In the above code, some lines are commented out with /******** */ . These lines relate to the example-embed merge. If they are commented out, what happens is that obfd simply created as a copy of ibfd . I tested this and it works great. However, as soon as I comment on these lines in case of problems.

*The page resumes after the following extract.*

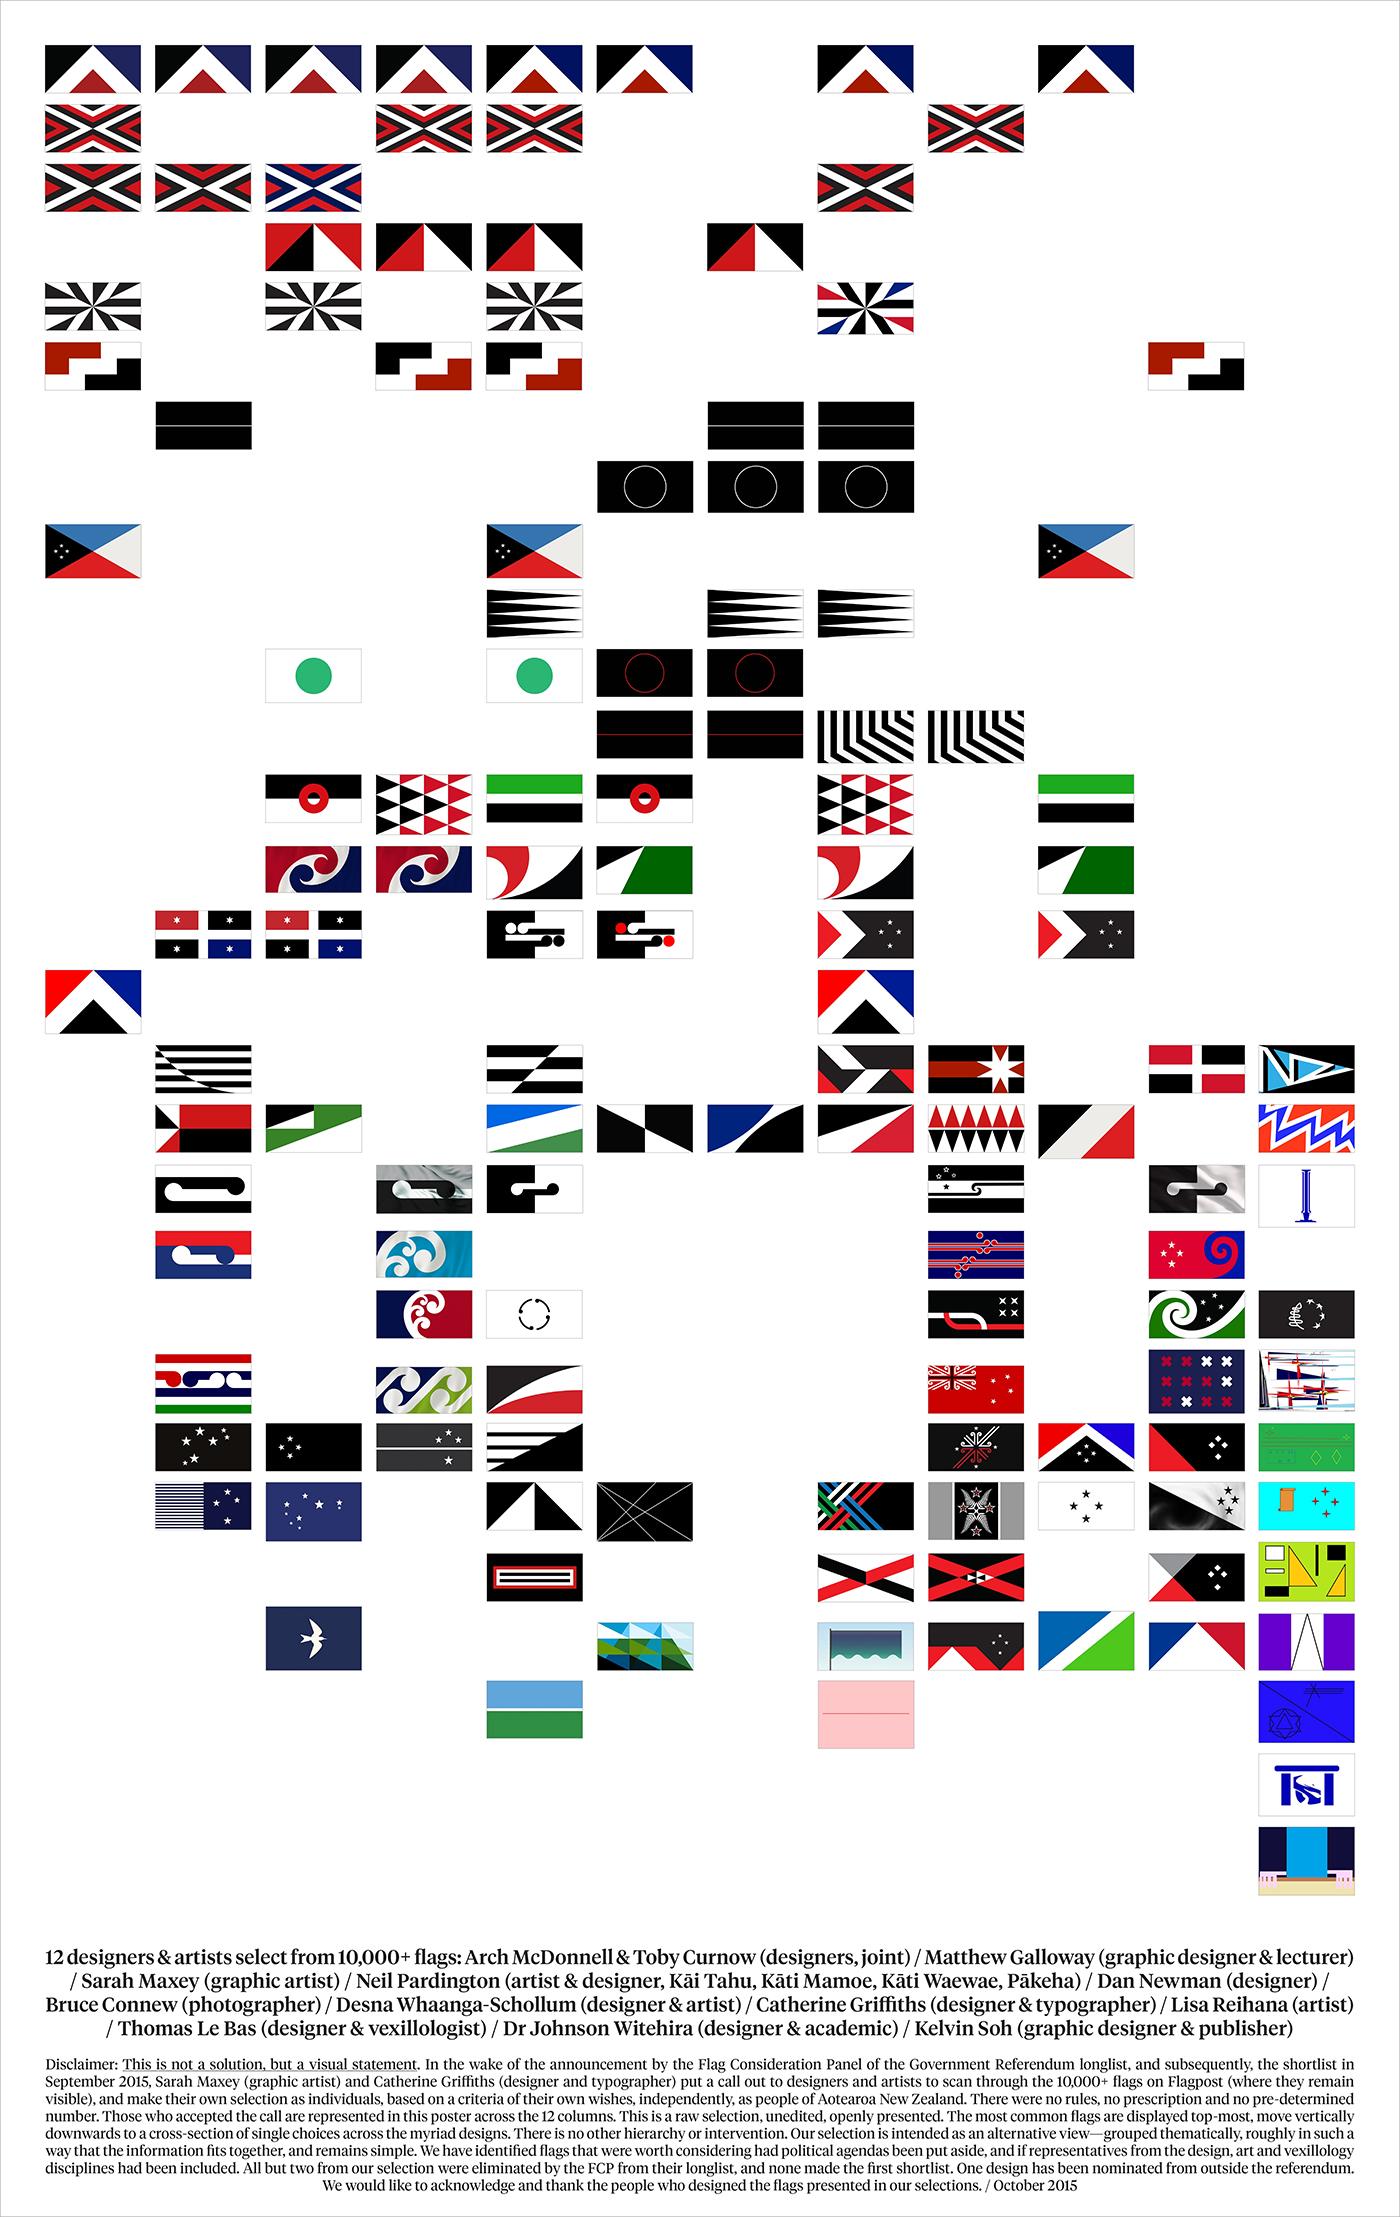 NZ Design - 98 Flags — Threaded Magazine

With a non-commented version that does a full merge, it still generates an output file. This output file can be checked with objdump and find all sections, codes and symbol tables of both inputs. However, objdump complains:
BFD: BFD (GNU Binutils for Ubuntu) 2.21.53.20110810 assertion fail ../../bfd/elf.c:1708 BFD: BFD (GNU Binutils for Ubuntu) 2.21.53.20110810 assertion fail ../../bfd/elf.c:1708
On my system 1708 of elf.c :
BFD_ASSERT (elf_dynsymtab (abfd) == 0);
elf_dynsymtab - macro in elf-bfd.h for:
#define elf_dynsymtab(bfd) (elf_tdata(bfd) -> dynsymtab_section)
I am not familiar with the ELF level, but I believe that this is the problem of reading the dynamic symbol table (or, possibly, its absence). Over time, I try to avoid direct contact with the ELF layer, if necessary. Can someone tell me what I am doing wrong in my code or conceptually?
If this is useful, I can also publish code to generate linker commands or compiled versions of the sample binaries.
I understand that this is a very big question, and for this reason I would like to properly reward everyone who can help me. If I can solve this with the help of someone, I will gladly reward the 500 + bonus.